Each and every line below goes into your answer unchanged, but leave out the images.

━━━━━ Information supplied ━━━━━

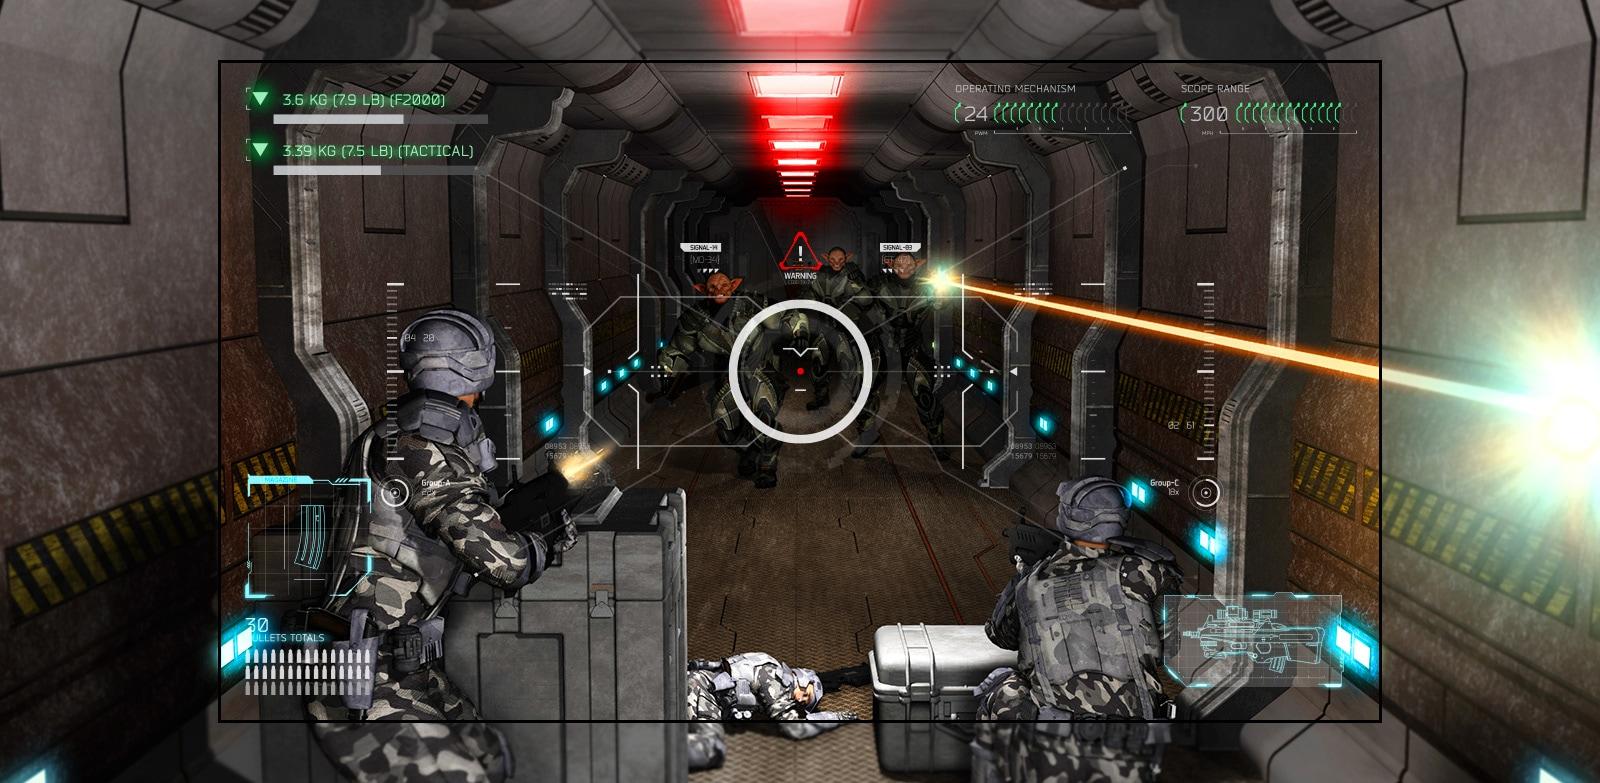 על מסך הטלוויזיה נראית סצנה ממשחק יריות. השחקן נמצא בעמדת נחיתות מול חייזרים עם רובים.
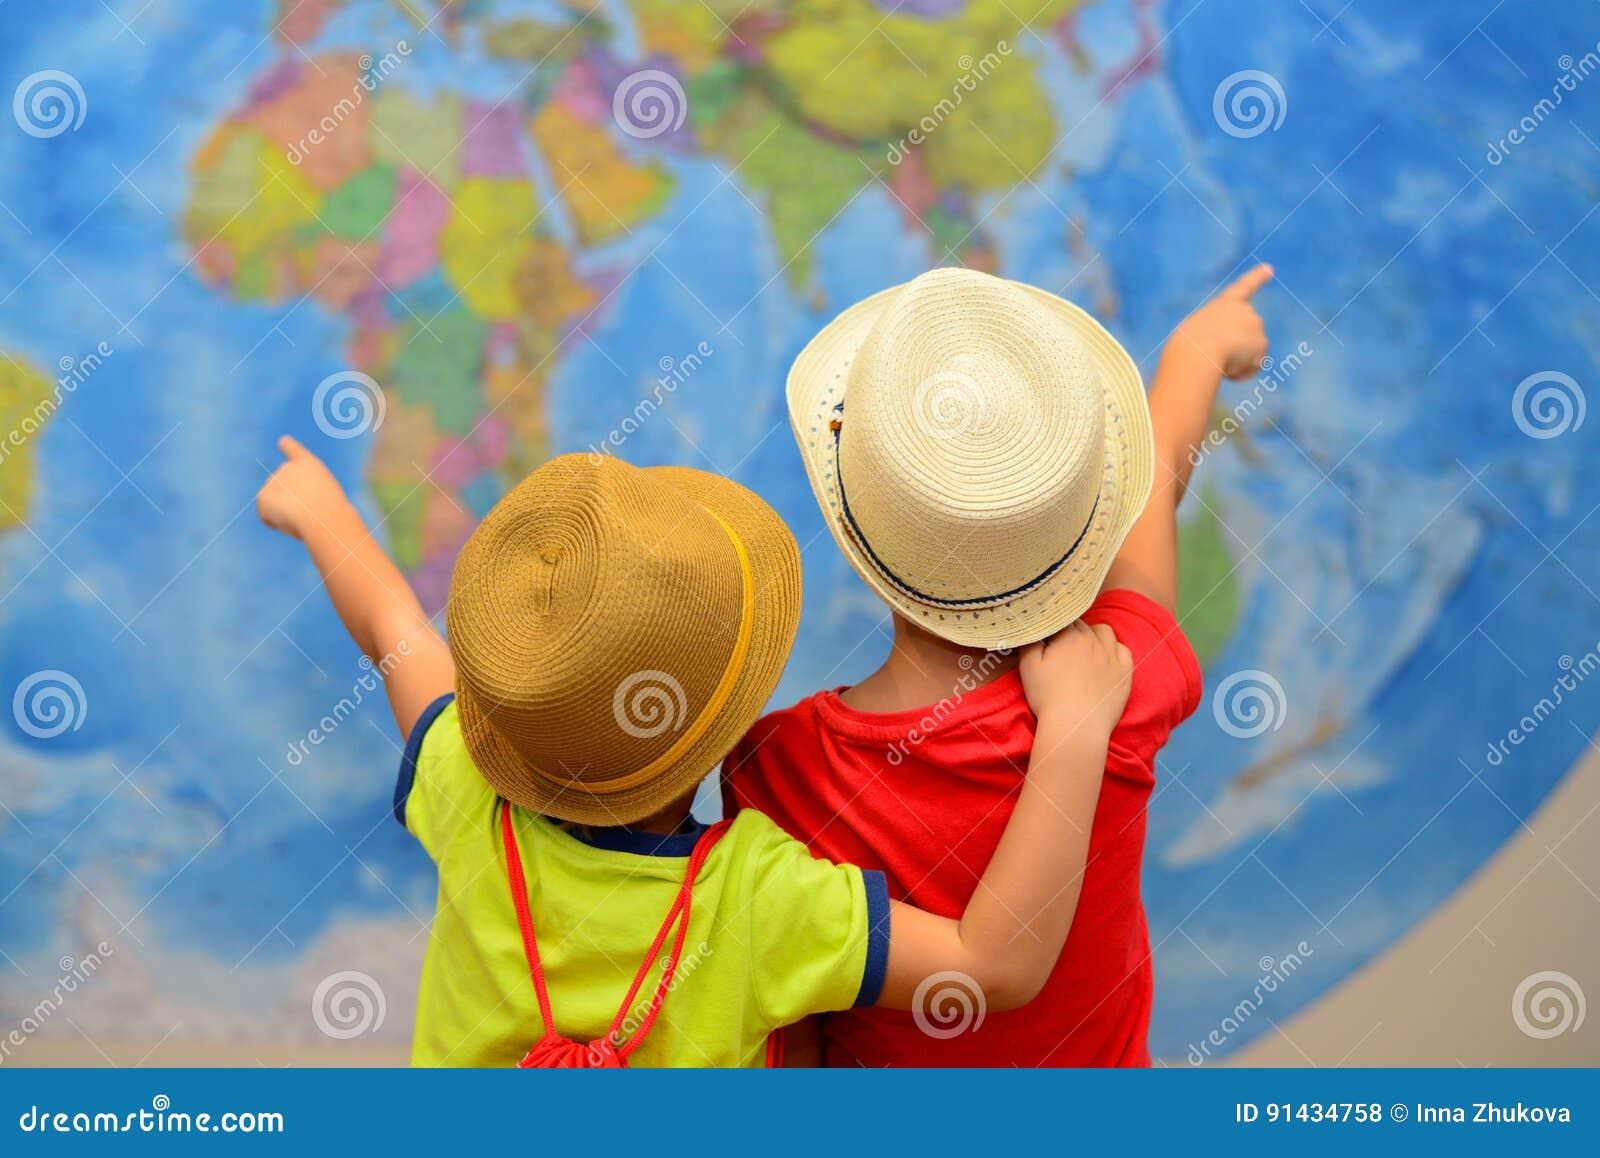 Przygody i podróży pojęcie Szczęśliwi dzieciaki marzą o podróży, wakacje
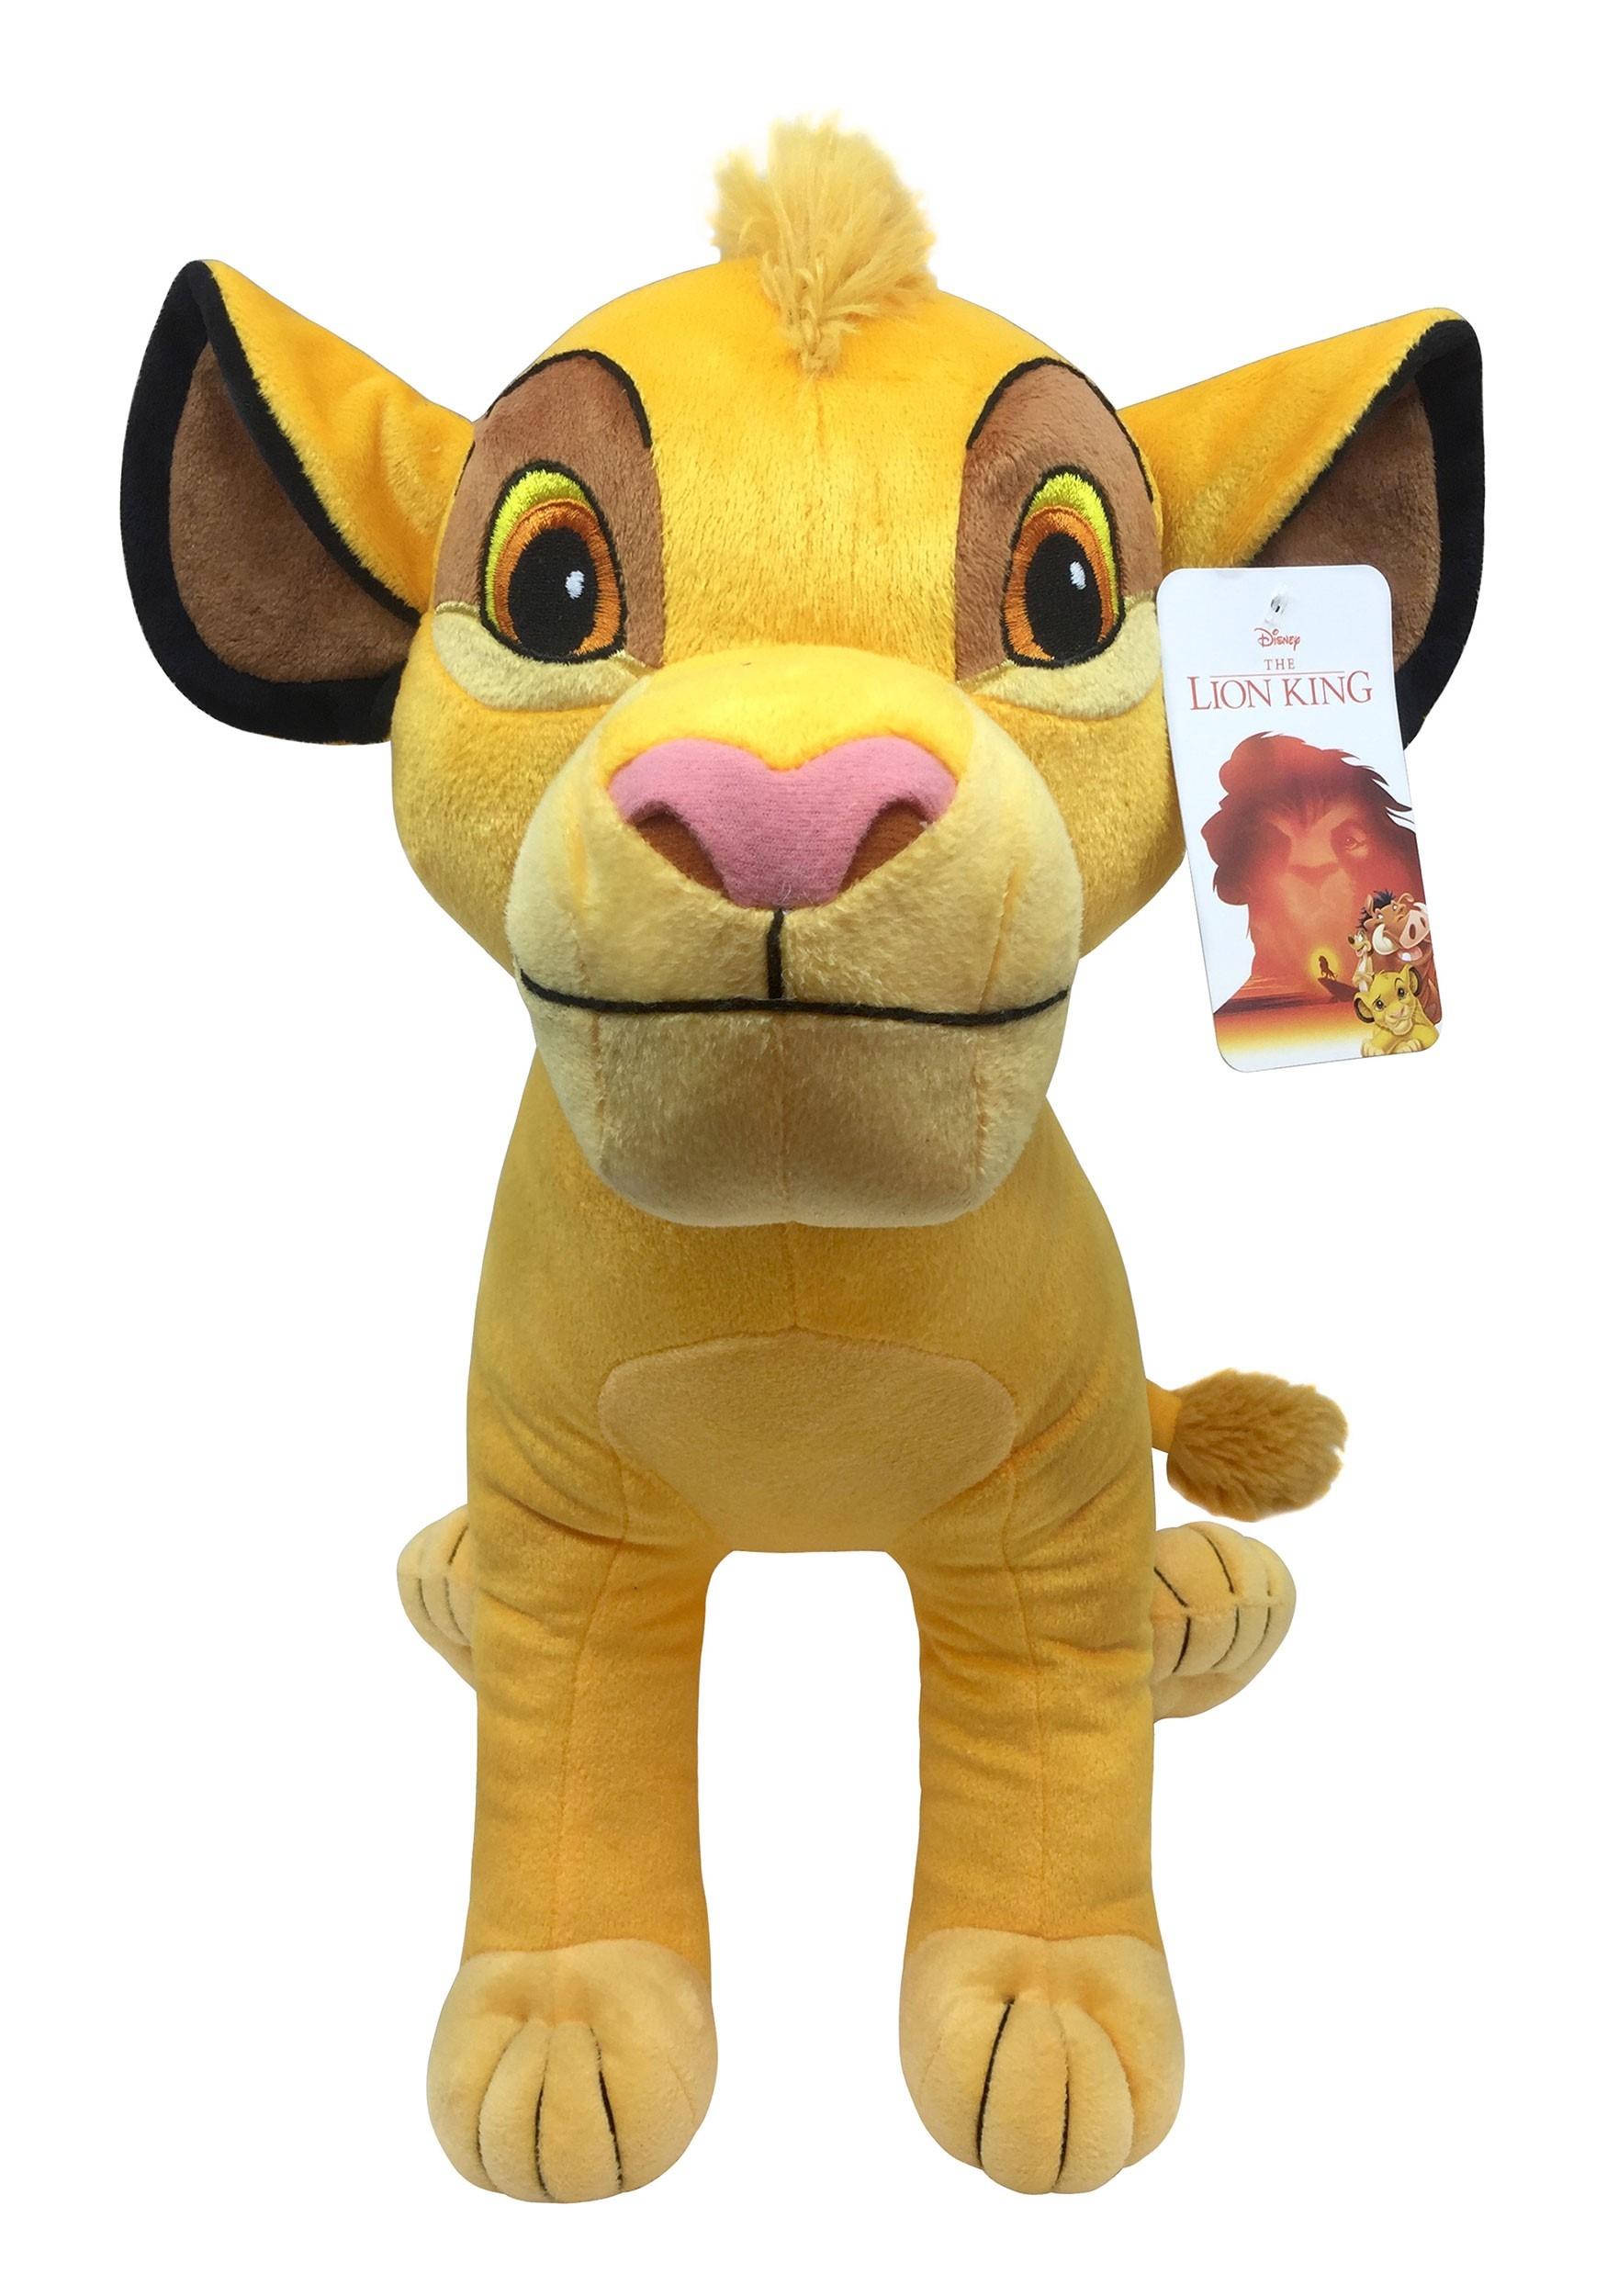 Simba Lion King Pillowbuddy

━━━━━

▸ Finished task:
 על מסך הטלוויזיה נראית סצנה ממשחק יריות. השחקן נמצא בעמדת נחיתות מול חייזרים עם רובים.
 Przygody i podróży pojęcie Szczęśliwi dzieciaki marzą o podróży, wakacje
 Simba Lion King Pillowbuddy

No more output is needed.